In his intensely psychological new novel, The Museum of Innocence, we view Istanbul in the tumultuous 1970s and ’80s through the lens of a doomed love affair. Kemal is happily engaged to a beautiful, intelligent woman of his own social class, Sibel—and yet, he falls deeply, irrevocably in love with a poor, distant relation, Füsun. When Kemal refuses to leave Sibel, Füsun disappears. Inconsolable, he returns almost daily to the scene of their lovemaking, cradling the objects she once touched as though they still contain some trace of her. He descends deeper into despair, alienating everyone around him except Sibel, now bound to him as much by love as by the shame that she will face should they break off their engagement. But Kemal cannot forget Füsun, and will dedicate his life to possessing her—or at least, the objects that remind him of her—even to the point of destroying himself, and those he loves most.

Though Pamuk’s narrator is intensely single-minded—thinking only of Füsun, rarely taking note of politics in spite of the daily violence on the streets of Istanbul—this novel evokes its time and place vividly. As the upper crust of Istanbul vacillates between “modern” attitudes toward sex and the vicious, self-imposed rumor mill that reinforces traditional values, Pamuk’s characters are left to navigate intricate social rules and customs—some that limit their freedom, and others that, to our surprise (and to Pamuk’s credit), allow for their happiness.
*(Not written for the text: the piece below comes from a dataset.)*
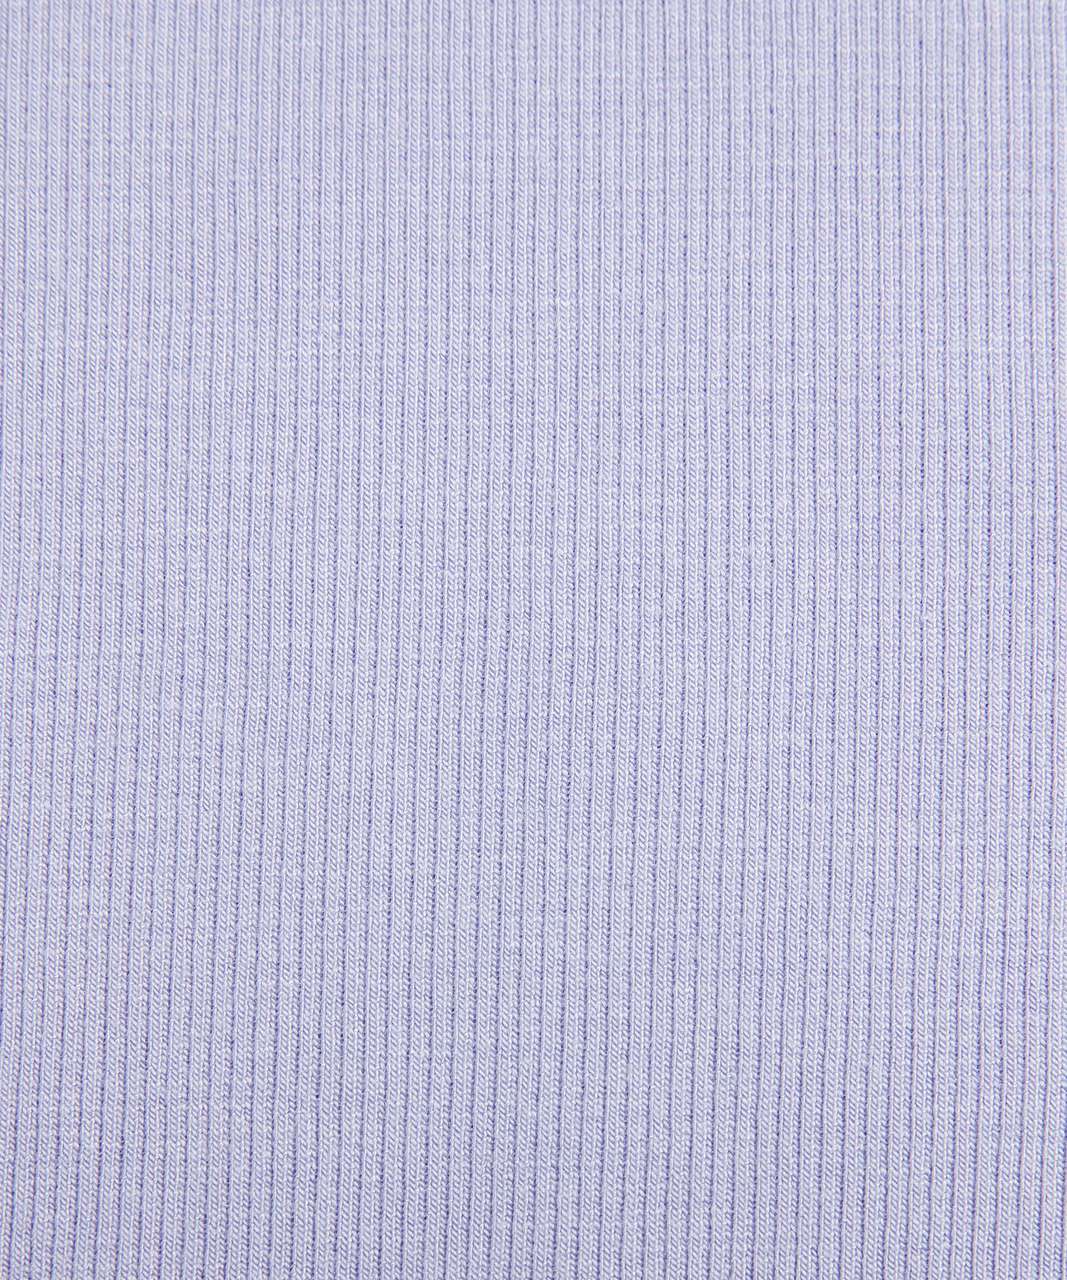 Lululemon Softstreme Gathered T-Shirt Magenta Purple Cropped Size 12

The most remarkable thing about this beautiful novel is that Pamuk manages to convey all of this while telling his story through the eyes of a narrator who, like Nabokov’s Humbert Humbert, is so absorbed with his obsession that he seems barely to notice the world around him. But just as Lolita emerges as a kind of portrait of America, as Humbert and his Lo encounter it one motel at a time, so The Museum of Innocence stands not only as a story about a man and the woman he loves, but also about a man and his city—its people, restaurants, music, ever-changing traditions and the majestic waterway dividing East from West that runs through its center.